Leading critics from the Senate and House said the time is ripe for reform and dismissed worries expressed by President Bill Clinton and others that legislation would unsettle financial markets. Instead, they stressed that their proposals are modest and would not interfere with the Fed's ability to conduct monetary policy.

"If you talk about fixing a door jamb at the Fed they accuse you of being part of a demolition wrecking crew," said Sen. Byron Dorgan, D-N.D. "The last of the power dinosaurs that exist in this town is the Fed."

Committee Chairman Henry Gonzalez, D-Tex., said, "There is nothing to fear. I am not seeking to politicize the central bank or take away its independence. I am not calling for policies that would cause inflation or deflation."

Gonzalez introduced legislation early in the year that would require the 12 Federal Reserve Bank presidents to be nominated by the President and confirmed by the Senate.

Five Fed bank presidents now sit on the Federal Open Market Committee to help implement monetary policy on a rotating basis, except the president of the New York Fed, who has a permanent place on the panel. The rest of the FOMC is made up of seven members of the Fed's Board of Governors, all appointed by the President.

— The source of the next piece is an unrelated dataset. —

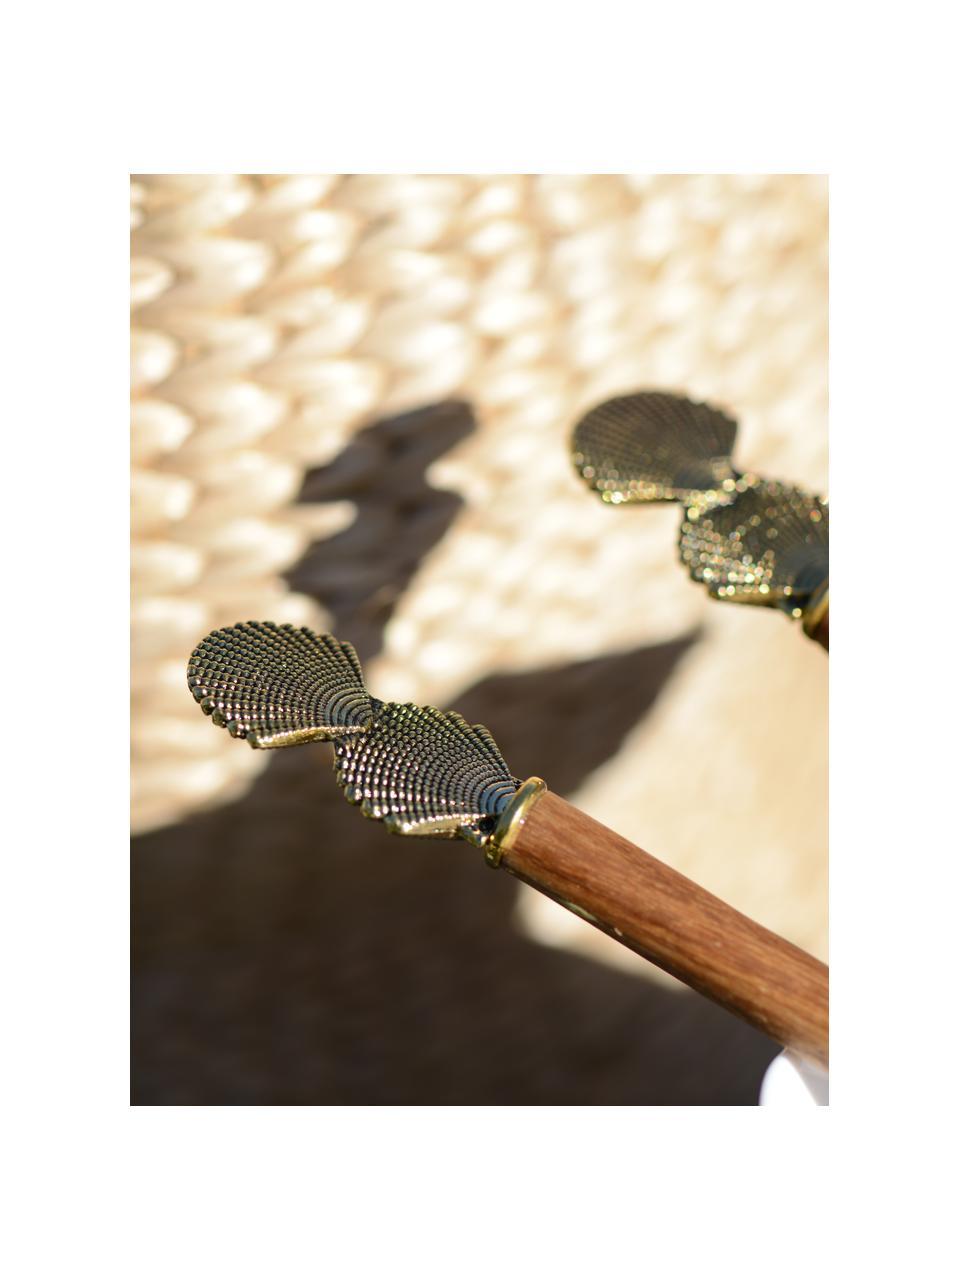 Holz Salatbesteck Shell mit goldenen Muscheln am Griff, 2er Set, Holz, Metall, Holz, Goldfarben, L 30 cm

Gonzalez also believes that Fed operating procedures are too secretive and wants to have full minutes of FOMC meetings made public within a week. Currently, the Fed releases a sanitized version of the minutes with a lag of about six weeks, leaving it up to Wall Street analysts to guess the direction of monetary policy unless there are leaks to the media.

Other provisions in the Gonzalez legislation would trim the power of the nine-member boards of directors at the Fed district banks by allowing them to appoint only three members instead of six. The Board of Governors would continue to appoint the rest. In addition, Gonzalez wants to expand federal audit procedures of the central bank's monetary policy and foreign exchange operations.

Finally, there is language in the bill to make the Federal Reserve system subject to civil rights laws in order to expand hiring of women and minorities, especially in top staff positions. Rep. Kweisi Mfume, D-Md., released partial results of a study undertaken by Gonzalez showing that white males continue to hold most of the high-paying jobs.

"In the current system we have people making very important public decisions who have no claim to public legitimacy and no accountability," said Sen. Paul Sarbanes, D-Md., a member of the Senate Banking Committee.

Sarbanes has introduced a bill in the Senate that would remove the district bank presidents from the FOMC and leave monetary policy in the hands of the Board of Governors. A similar measure has been introduced in the House by Rep. Lee Hamilton, D-Ind.

The current system favors "people who are in the banking business" and gives them "a large chunk of government policy" that puts less emphasis on unemployment and other social issues, said Rep. Barney Frank, D-Mass.

"I don't understand why the American people should be trusted to have influence over military policy and unemployment and trade and a whole lot of other things, but monetary policy is somehow so delicate that they got to keep their grubby hands off it," Frank said.

William Greider, a financial reporter and author of Secrets of the Temple, said "it's really fatuous" to argue that the Fed is not a political institution, but that it also is not an institution of "dark plots" that takes its orders from the White House.

Greider said full disclosure of FOMC minutes would make the Fed a more effective institution by raising the level of economic debate in the United States and forcing Fed officials to speak "a little more plainly" about their economic goals.

But not everyone was anxious to support legislation. Rep. Stephen Neal, D-N.C., said there is no need to try and harmonize relations between the Fed and Congress. "The Fed has been able to peruse an independent policy, bring down inflation, bring down rates," he said, "even in the face of this very devastating fiscal policy."

Rep. James Leach, R-Iowa, the ranking minority member of the Banking Committee, said he is not convinced of the need "to establish a new institutional arrangement."

"It is impressive how stable the American currency is, especially given the loose fiscal policy conducted by Congress," said Leach. "The danger is very real" that legislation "could lead to a butchering of monetary policy."